Identification of sex-specific genes

To generate a repertoire of sex-specific genes and to identify genes associated with F. occidentalis reproduction, we performed differential gene expression analyses on RNA-seq data for male, female, and pre-adult (larvae and pupae mixed) samples that were generated to assist in gene prediction for this genome project (Additional file 1: Table S1, NCBI Bioproject: PRJNA203209, SRA accessions: SRX897632, SRX897634, SRX897633) using a previously described strategy [313, 314]. Additional thrips species sequenced as a part of the 1KITE project (Frankliniella cephalica, PRJNA219559; Gynaikothrips ficorum, PRJNA219563; Thrips palmi; PRJNA219609) were used for identification of conserved sex- and stage-specific genes between these thrips species.

The F. occidentalis RNA-seq set was assessed with FastQC and trimmed with CLC Genomics. Reads were permitted to match up to five locations with only two mismatches and required at least 90% similarity at 70% of transcript length. Transcript levels were normalized to transcripts per million (TPM) and significant enrichment was determined with Baggerly’s test (beta-binomial distribution statistic) followed by Bonferroni correction (at 0.01) and a two-fold difference between samples.

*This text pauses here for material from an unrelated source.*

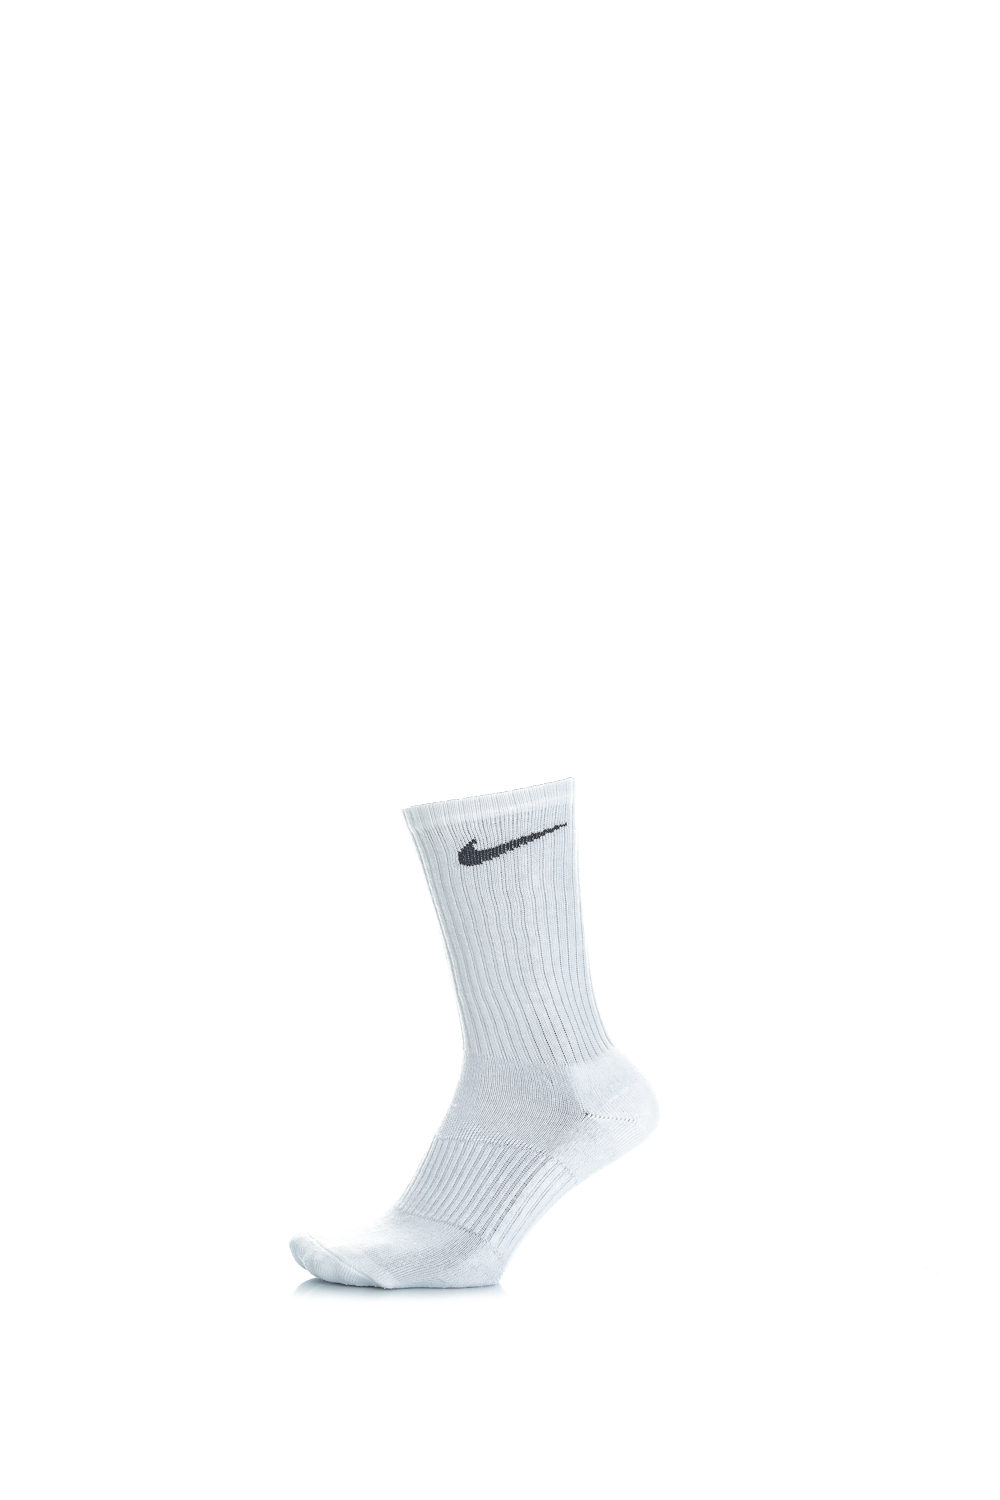 NIKE – Σετ από 3 ζευγάρια κάλτσες λευκές 1154329.1-0091

Gene identification was obtained through BLASTx searches against an NCBI non-redundant protein arthropod database with an E-value cut-off of 0.001. RNA-seq sets for the other thrips species were BLAST-searched against the finalized female, male, and pre-adult F. occidentalis sets (E-value ≤ 1.00 × 10− 20). Venn diagrams [315] (http://bioinformatics.psb.ugent.be/webtools/Venn/) were used to depict the number of shared genes in female, male, and pre-adult thrips. Fold change and the number of unique gene reads from the conserved female and male thrips genes were used to identify highly enriched genes (> 1000 unique reads, > 4-fold difference) in female and male thrips.